In early May 1997, Gallo met with Davis and told her that she had exceeded the number of unexcused absences allowed under the attendance policy and would need a doctor’s excuse for the week of April 14th. Davis explained that it was her understanding from the remarks of her physician’s nurse that she should remain away from work during that week, but conceded that this was a misunderstanding and that her doctor had not so instructed her. Davis asked that she be allowed to apply retroactively some of her accumulated vacation days to her unexcused absences, but Gallo denied her request.

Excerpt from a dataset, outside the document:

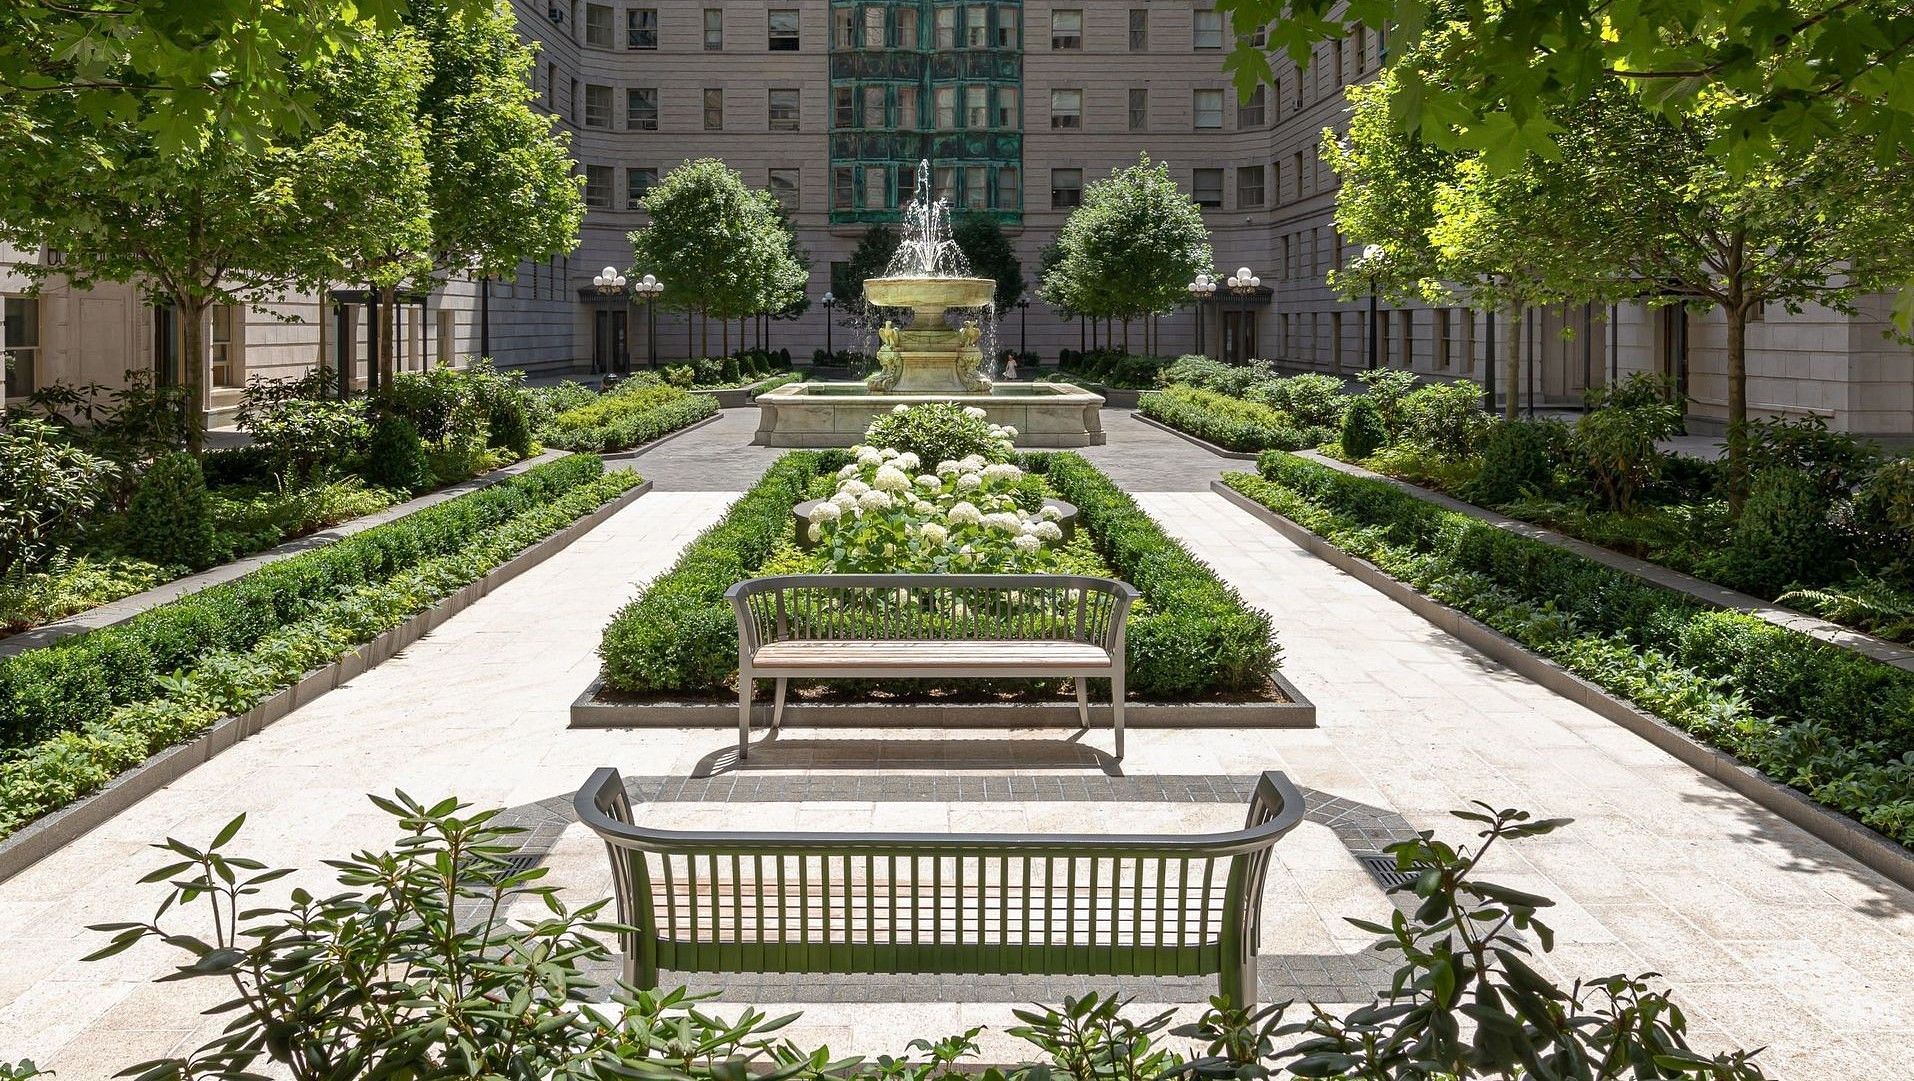 The Belnord is an iconic landscape in Manhattan (Image via The Belnord)

On May 20, 1997, as a result of Davis’s five-day, unexcused absence from work during the week of April 14, 1997, Defendant terminated Davis for exceeding the number of unexcused absences allowed under the company’s attendance policy. In November 1997, Davis filed a charge of [444]*444discrimination with the Equal Employment Opportunity Commission (“EEOC”), and in August 1998, Davis filed this action in federal court. Davis alleges that she was terminated not as a result of exceeding the number of unexcused absences allowed under the attendance policy, but rather, solely as a result of her participation in the September 1995 meeting with Gallo nearly two years earlier.

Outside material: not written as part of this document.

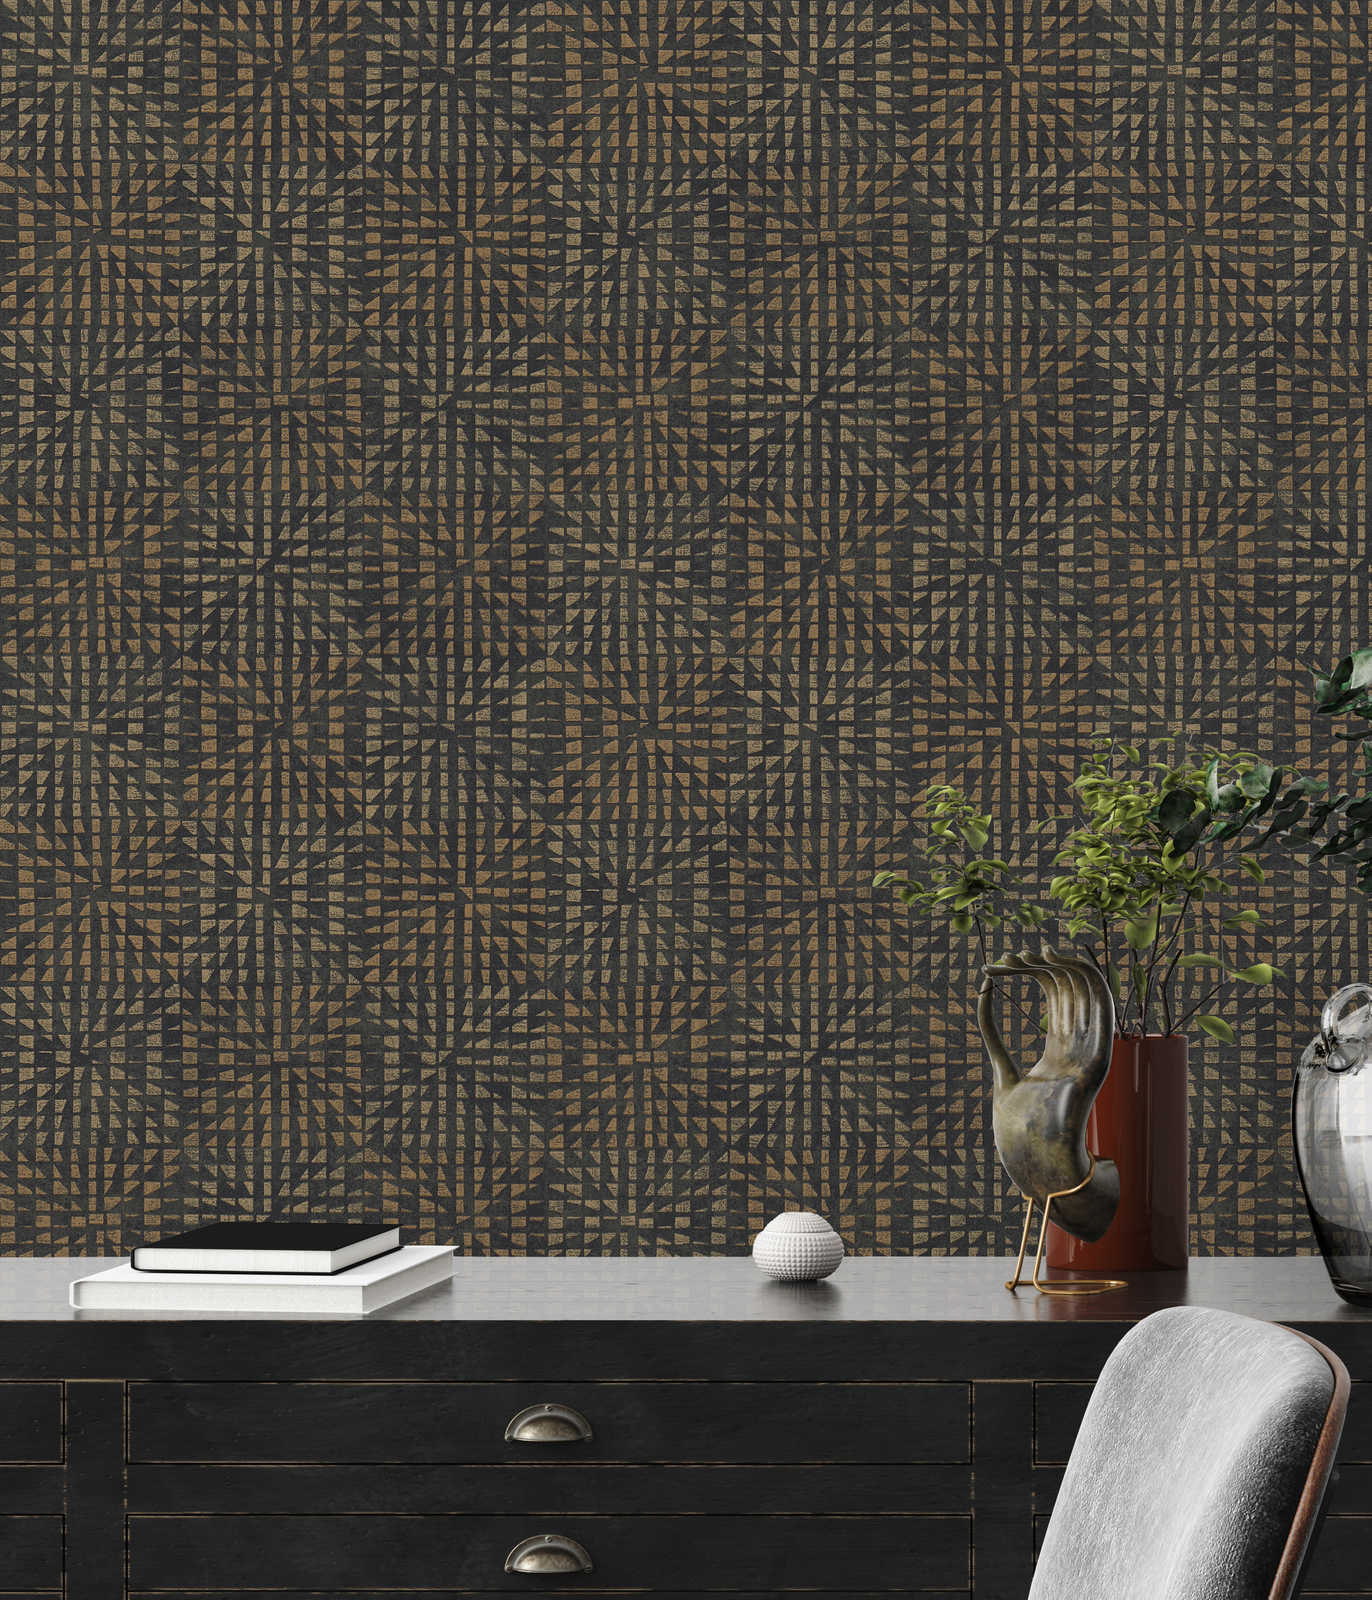             Ethno wallpaper with textured pattern & mosaic effect - black

Although Davis’s complaint does not expressly invoke Title VII’s opposition clause, the district court reasonably construed her complaint as alleging claims under both the opposition and participation clauses of Title VII. The district court held that Davis failed to establish a prima facie case of retaliation under either clause because she not only failed to show that she engaged in any protected activity within the meaning of Title VII, she also failed to establish a causal connection between her activity and her termination. Furthermore, the district court recognized that even if Davis had established a prima facie case, her claim nevertheless would fail because she could not show that Defendant’s articulated reason for her termination was a mere pretext for discrimination.

DISCUSSION

I. Standard of Review

We review a district court’s decision to grant a motion for summary judgment de novo. See Hartsel v. Keys, 87 F.3d 795, 799 (6th Cir.1996). Summary judgment is appropriate when there exists “no genuine issue of material fact and ... the moving party is entitled to judgment as a matter of law.” Fed R. Civ. P. 56(c). “[T]he mere existence of some alleged factual dispute between the parties will not defeat an otherwise properly supported motion for summary judgment; the requirement is that there be no genuine issue of material fact.” Anderson v. Liberty Lobby, Inc., 477 U.S. 242, 247-48, 106 S.Ct. 2505, 91 L.Ed.2d 202 (1986) (emphasis in original).

II. Retaliatory Discharge

Title VII makes it unlawful for an employer to retaliate against an employee who has either: (1) “opposed any practice made an unlawful employment practice by this subchapter,” or (2) “made a charge, testified, assisted, or participated in any manner in an investigation, proceeding, or hearing under this subchapter.” 42 U.S.C. § 2000e-3(a) (1994). These two provisions of Title VII are known as the “opposition clause” and the “participation clause.” See Johnson v. University of Cincinnati, 215 F.3d 561, 578-79 (6th Cir.2000). To establish a claim of retaliation under either clause, a plaintiff must meet the test of a slightly modified McDonnell Douglas framework by showing that: (1) she engaged in a “protected activity” within the meaning of Title VII; (2) the employer knew of such activity; (3) the employer thereafter took an adverse employment action against the plaintiff; and (4) there was a causal connection between the protected activity and the adverse employment action or harassment. See Morris v.